Periodic Reporting for period 1 - eSYMb (The Evolution of Early Symbolic Behavior)
Reporting period: 2022-09-01 to 2025-02-28
eSYMb builds on the core hypothesis that symbolic artefacts evolved through processes of social transmission and incremental adaptive refinement to become better tools of the mind. We assume that these developments are measurable as cognitive implications of the structural changes to symbolic artefacts, which can be made subject of test and simulations in experiments using the archaeological artefacts as stimuli. Artefacts can serve different symbolic functions, each with their profiling of cognitive affordances. By investigating how different artifacts resonate with processes of, for instance, visual saliency, memory, and discrimination, we can quantitively inform the interpretation of their potential past symbolic use.
From these general hypotheses, the project will generate specific predictions for particular archaeological cases and materials. These are, for instance, repositories of recently published archaeological findings for which we have an extended chronological sequence: a series of artefacts from different periods in time that is an expression of a continuous symbolic practice at the site. However, some case studies also involve data from field work conducted in the context of eSYMb and experimental studies with non-human primates.
The main force of the eSYMb approach is that more traditional archaeological observations are complemented by extensive cognitive measurements allowing to test concrete predictions with state-of-the-art statistical tools and computational methods from the cognitive sciences.
Similarly, the list contains references to more than 20 eSYMb papers presented at various international conferences, workshops and meetings.
Besides, we have organized one major workshop:
- “Understanding the Development of Symbolic Cognition through Rock Art: An Interdisciplinary Dialogue”, held at the new rock art center in Puente Viesgo (Cantabria, Spain).
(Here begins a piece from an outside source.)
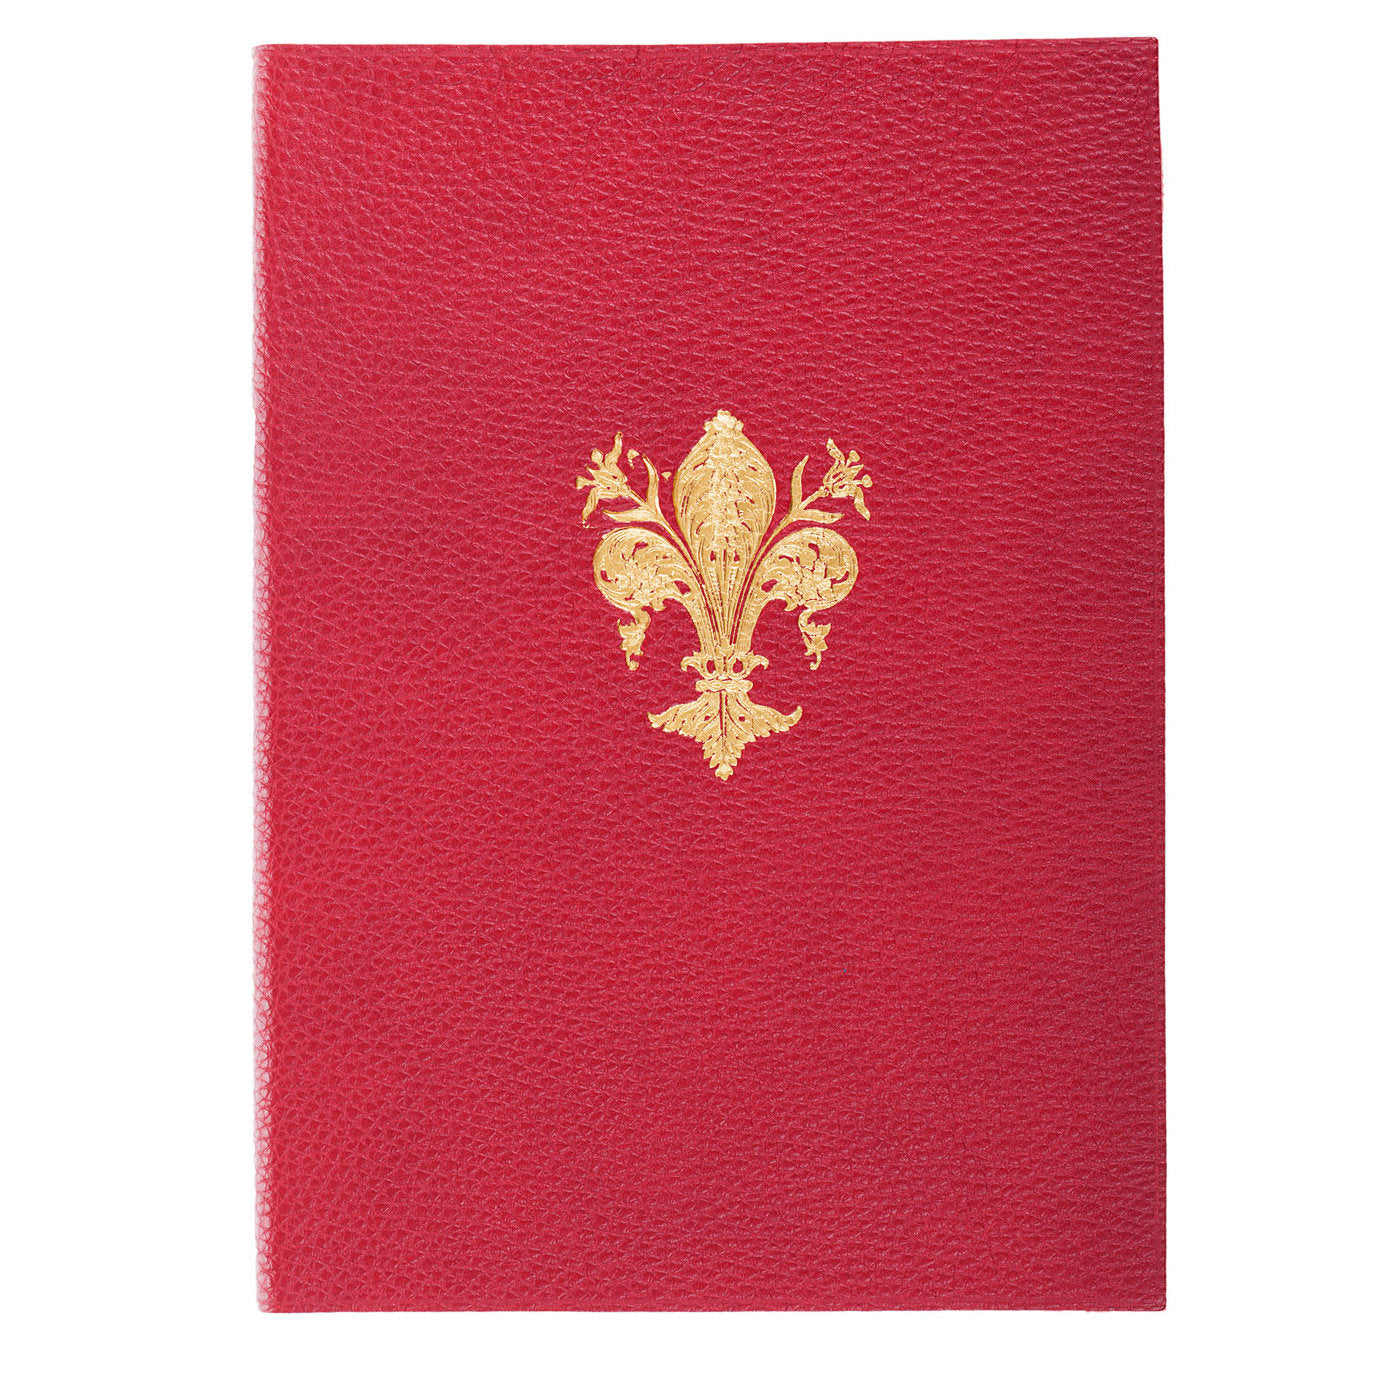 Gold Lily Cuaderno de cuero rojo - Vista alternativa 2

Apart from the PI, the workshop had contributions from Isobel Wisher (Aarhus University), Murillo Pagnotta (Aarhus University), Eduardo Palacio-Pérez (Gobierno de Cantabria), Riccardo Fusaroli (Aarhus University), Diego Garate (Universidad de Cantabria), Derek Hodgson (University of York), John Matthews (University of Portsmouth), Larissa Mendoza-Straffon (University of Bergen), Blanca Ochoa (Universidad Complutense de Madrid), Felix Riede (Aarhus University).
We also organized a seminar (which again goes beyond what was premeditated in the grant proposal):
- “Marks and Meanings: new perspectives on the evolution of human symbolic behavior”, as part of the 45th Annual Meeting of the Cognitive Science Association (CogSci 2023), which apart from the PI had contributions from Mathias Sablé-Meyer (UCL, UK), Judith Fan (Stanford University, US), and Michelle Langley (Griffith University, Australia).
With the hiring of postdoc 1, Izzy Wisher, another opportunity has arisen to broaden the interdisciplinary and methodological approaches of eSYMb. Dr. Wisher is trained in archaeology and has previously done fieldwork in the Cantabria area of North Spain, which contains some of the oldest cases of Palaeolithic cave art. Through her existing contacts, it was possible to gain access to caves in Monte Castillo, which are closed to the public. Two major eSYMb subprojects are now relying on the various kinds of documentations collected by Izzy during field work in the spring 2023.
Another new development is a collaboration between eSYMb and the NSF project “A Network Approach to Magdalenian Social Landscapes” hosted by University of North Carolina at Greensboro involving a group of archaeologists and computer scientists (PIs Deng, Egeland, Kim, and Schwendler). The purpose of the project is to take a social network analysis (SNA) approach to Magdalenian social organization by investigating a special kind of engraved and perforated disks which were abundant in post-glacial Europe some 18,000 to 12,000 years ago, and thought to mark aspects of cultural group identity. eSYMb is particularly involved in an experimental dimension of the project, which is planned for the fall 2024.